= Beginning of Section =
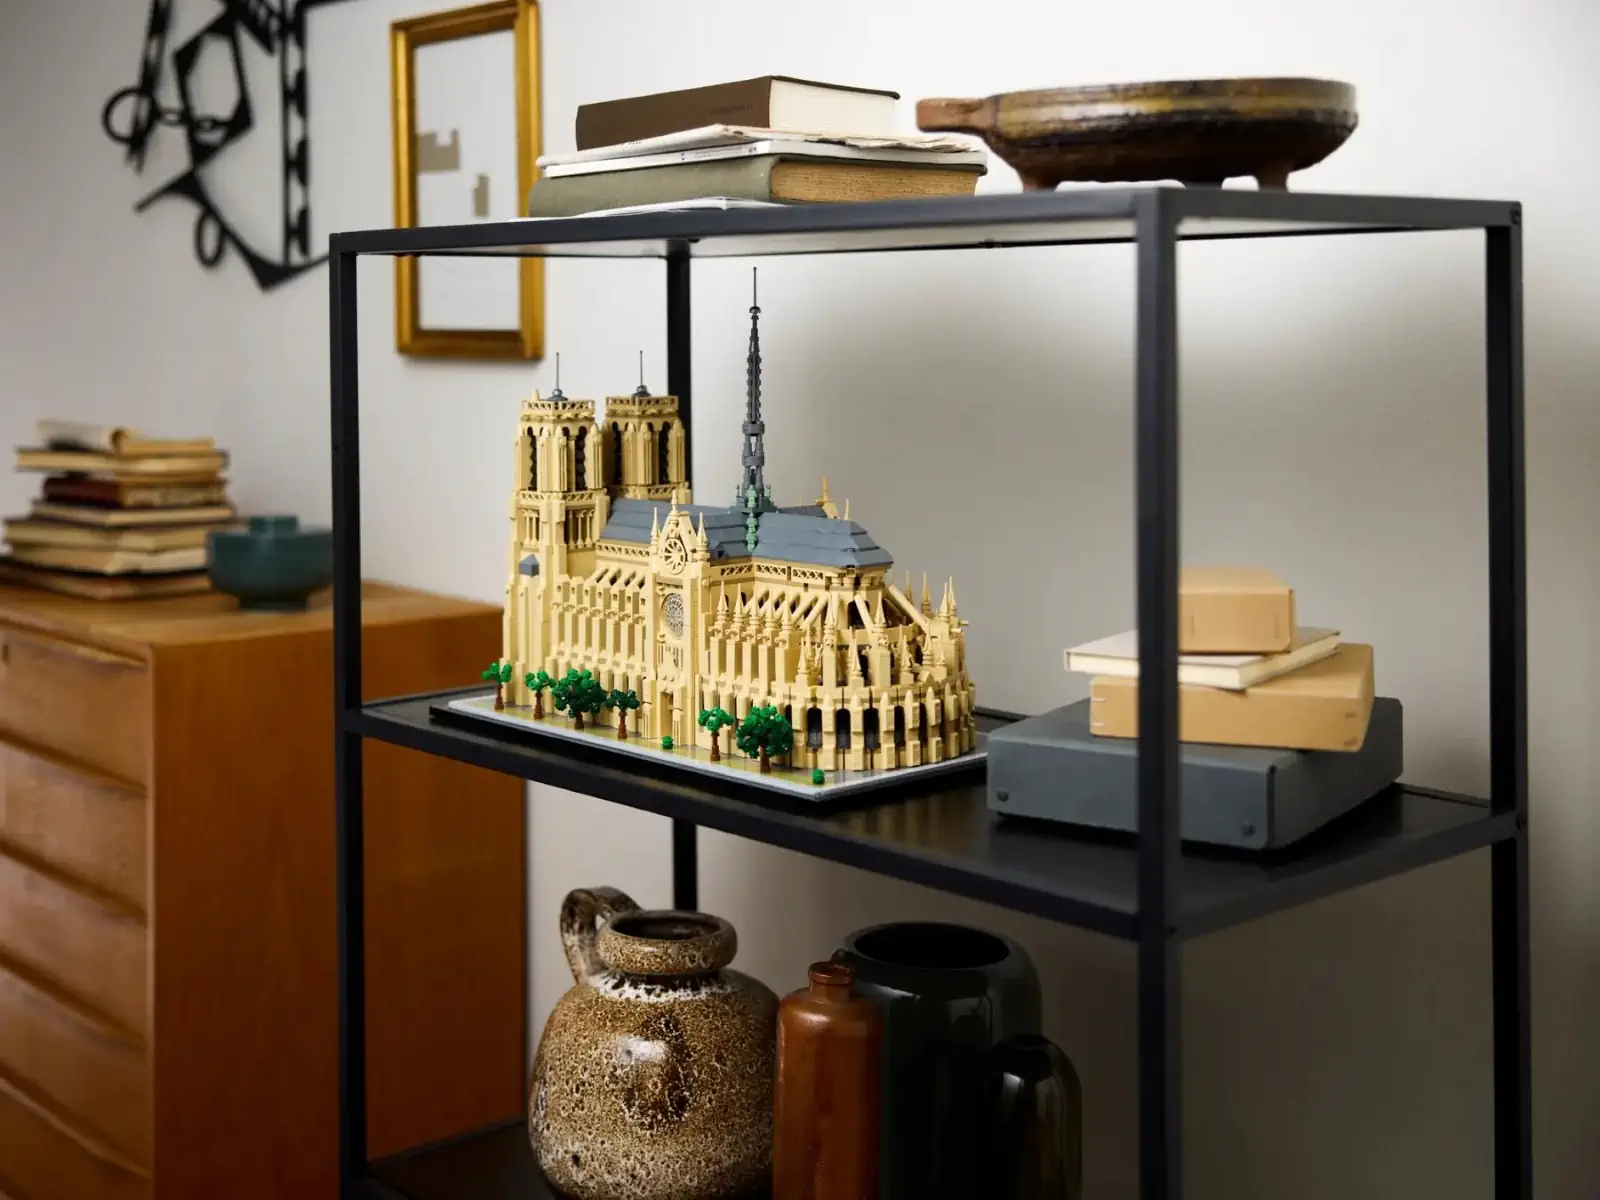 LEGO recrée Notre-Dame de Paris dans un superbe ensemble de 4 383 pièces
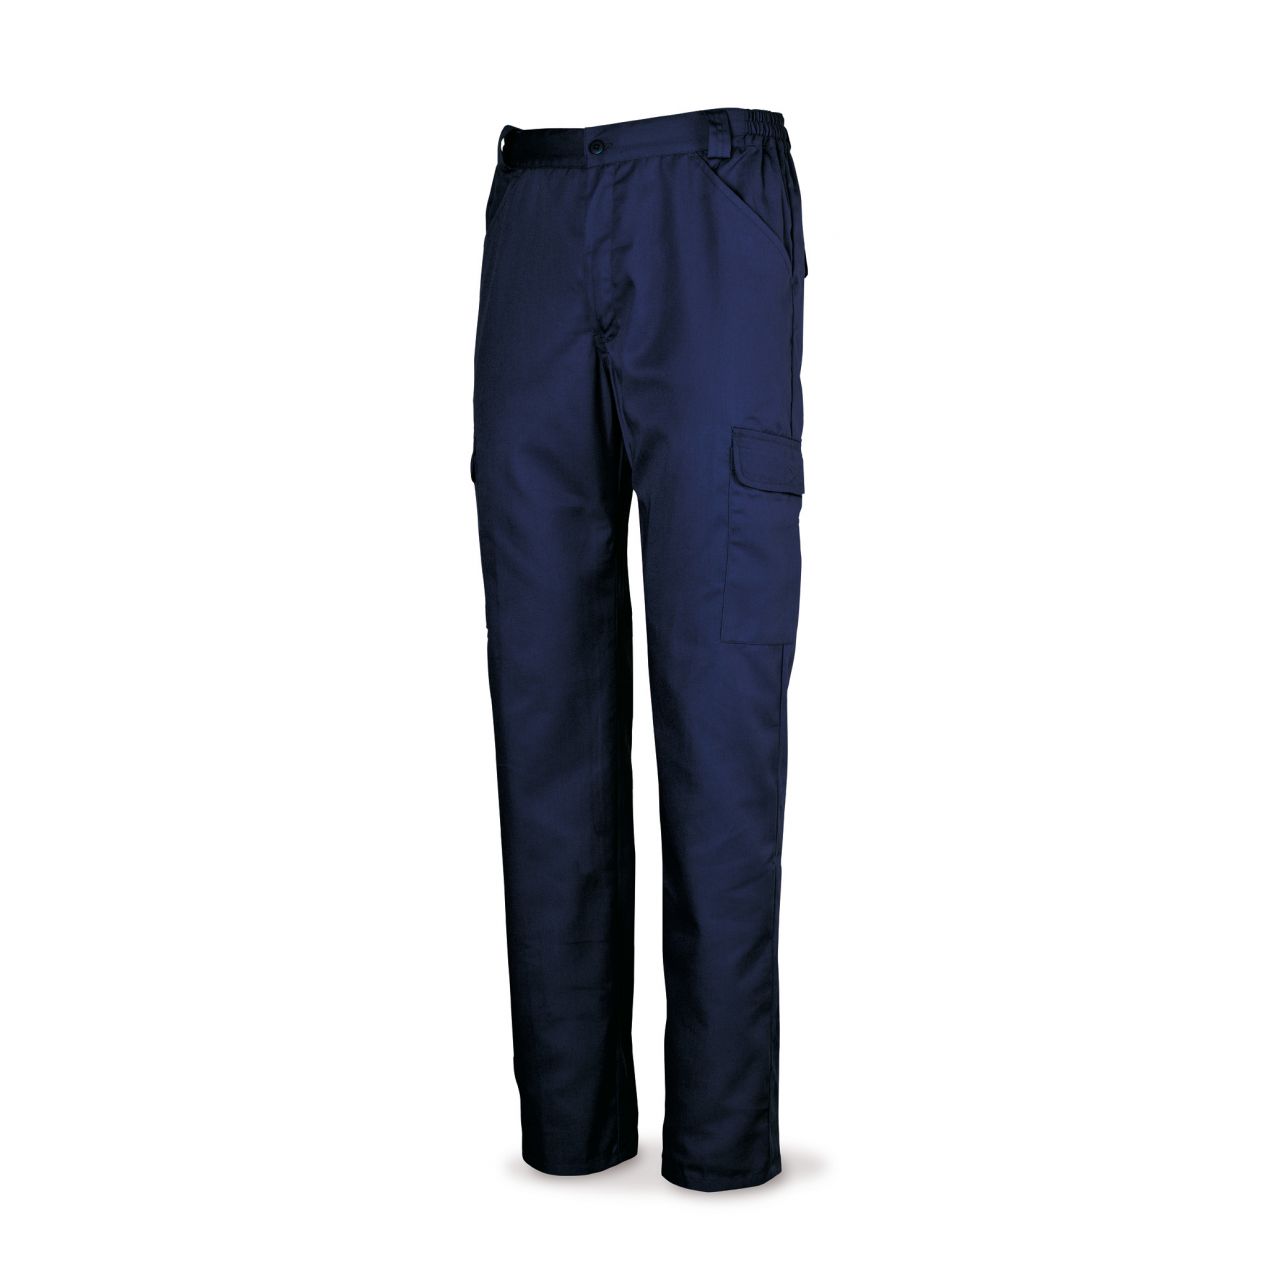 Pantalón azul marino algodón 200 g. Multibolsillos. 56
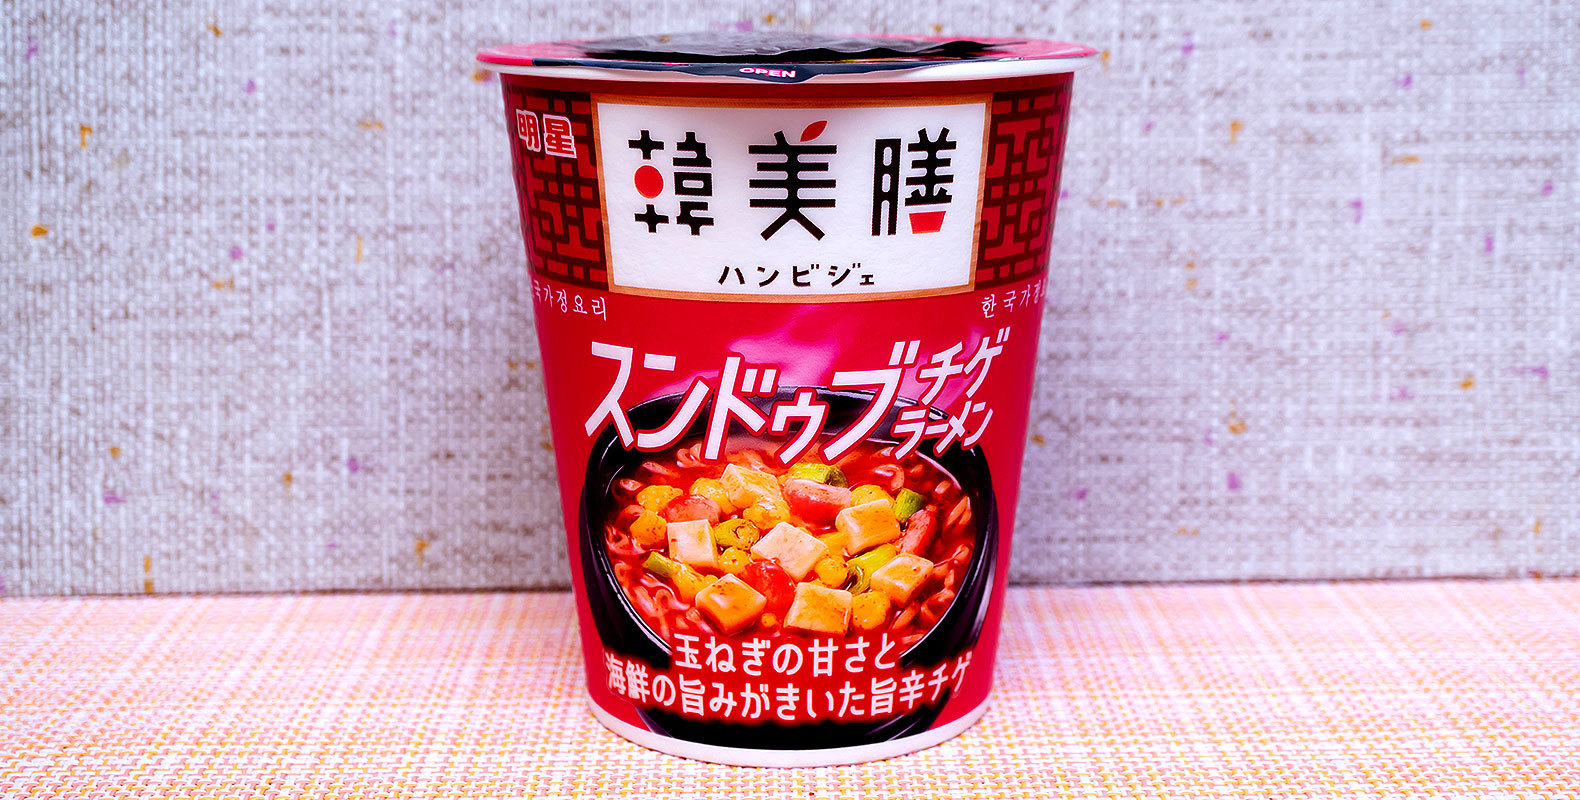 【ローソン】韓国レストランの純豆腐の味をカップ麺で再現！「韓美膳 スンドゥブチゲラーメン」を実食レビュー
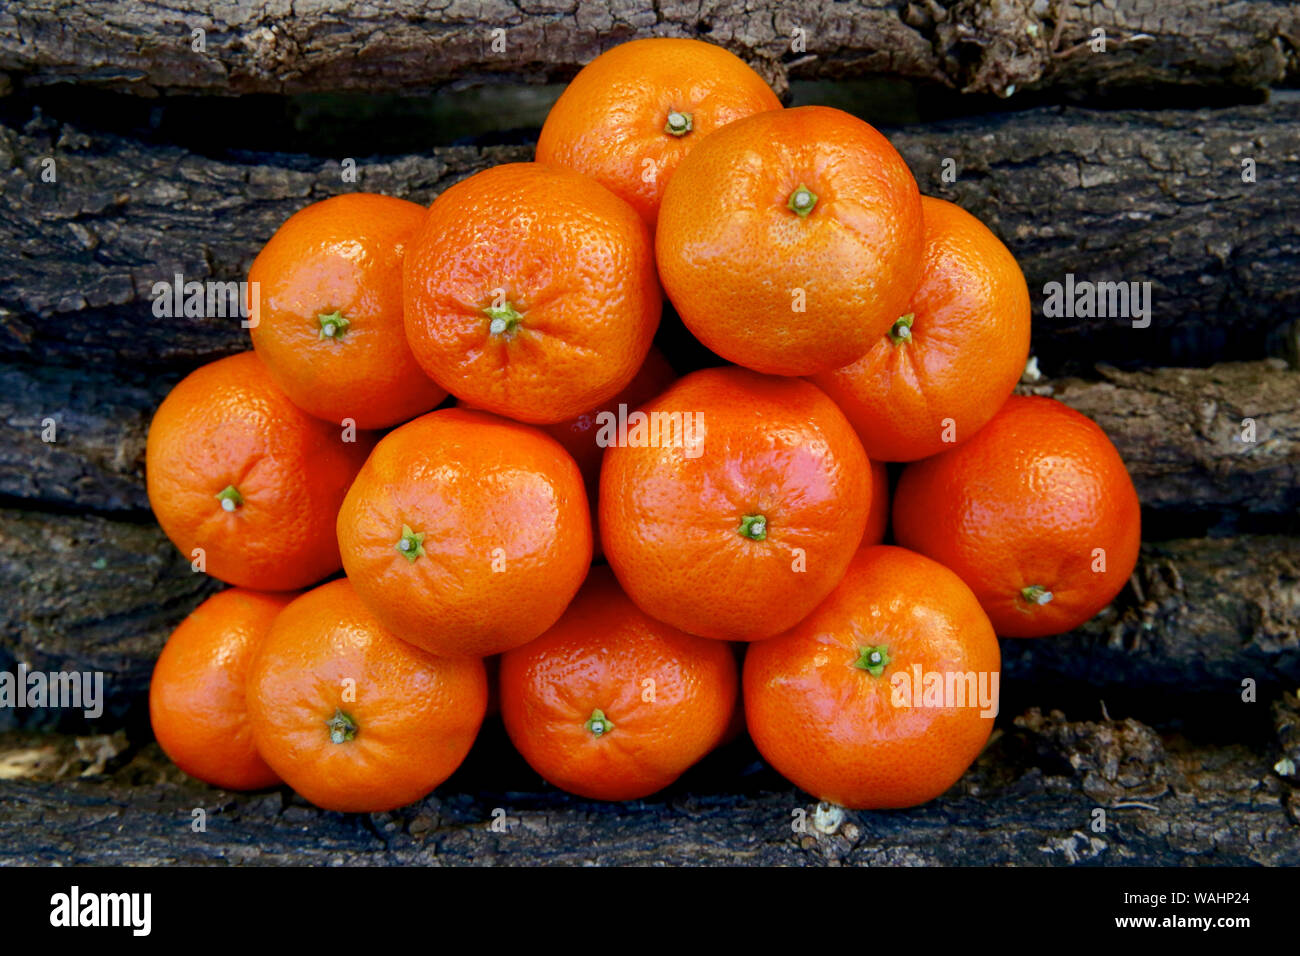 Mandarins. Stock Photo
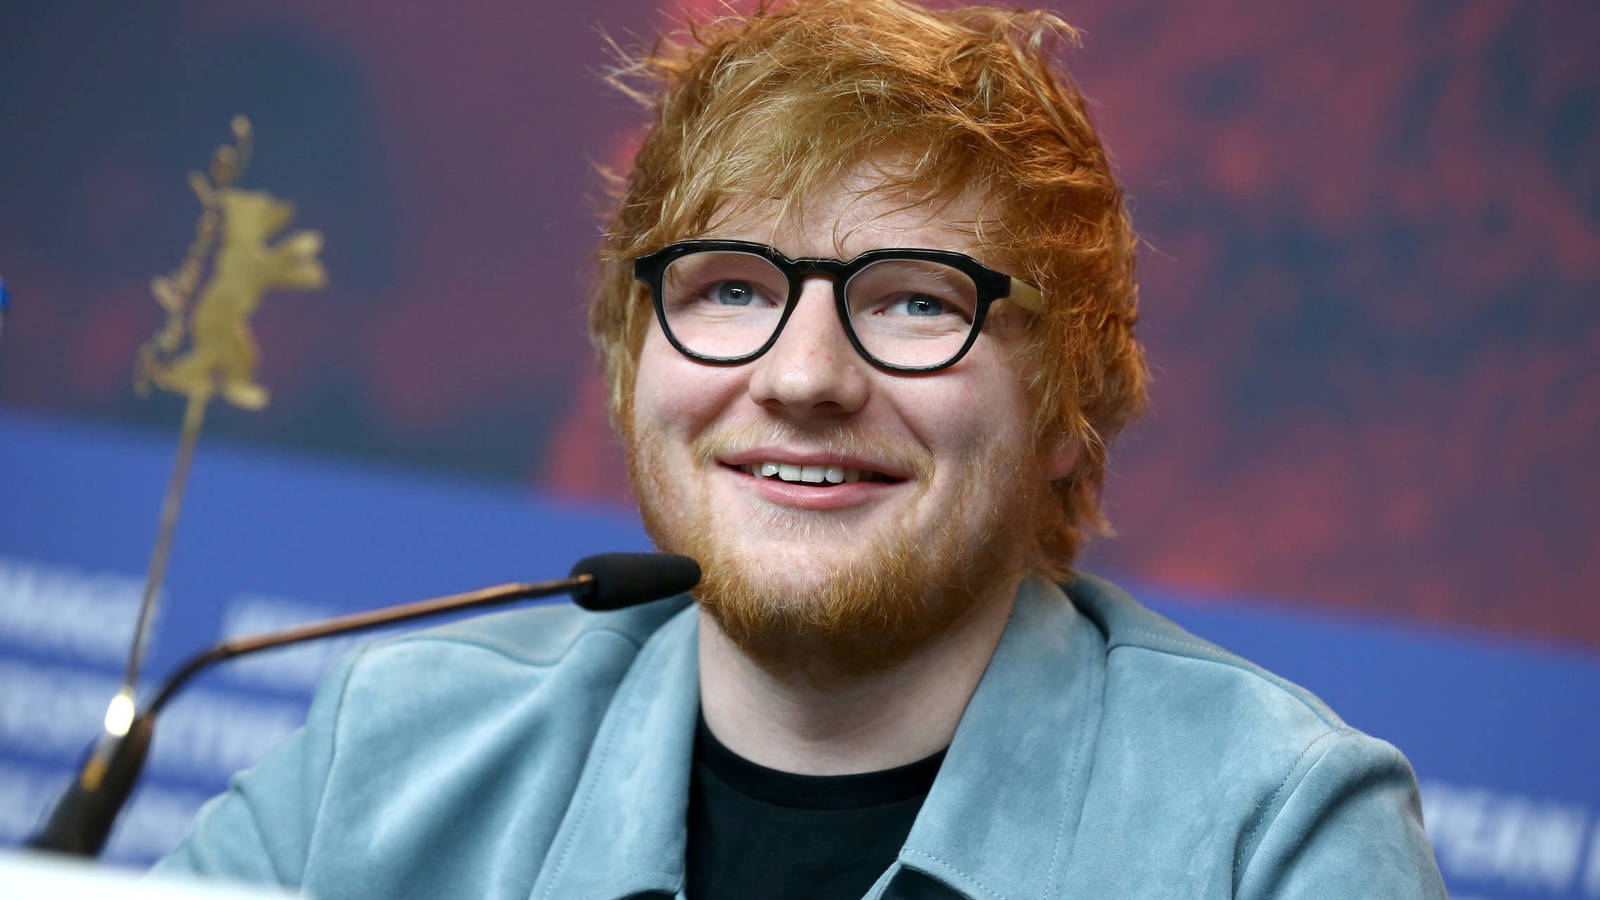 Ed Sheeran niega en tribunales haber hecho plagio de “Shape of you”
= End of Section =
> _PROBLEM_
Here the job is to repeat the entries verbatim while leaving all pictures out.

> _SOLUTION TO THIS EXERCISE_
 LEGO recrée Notre-Dame de Paris dans un superbe ensemble de 4 383 pièces
 Pantalón azul marino algodón 200 g. Multibolsillos. 56
 【ローソン】韓国レストランの純豆腐の味をカップ麺で再現！「韓美膳 スンドゥブチゲラーメン」を実食レビュー
 Mandarins. Stock Photo
 Ed Sheeran niega en tribunales haber hecho plagio de “Shape of you”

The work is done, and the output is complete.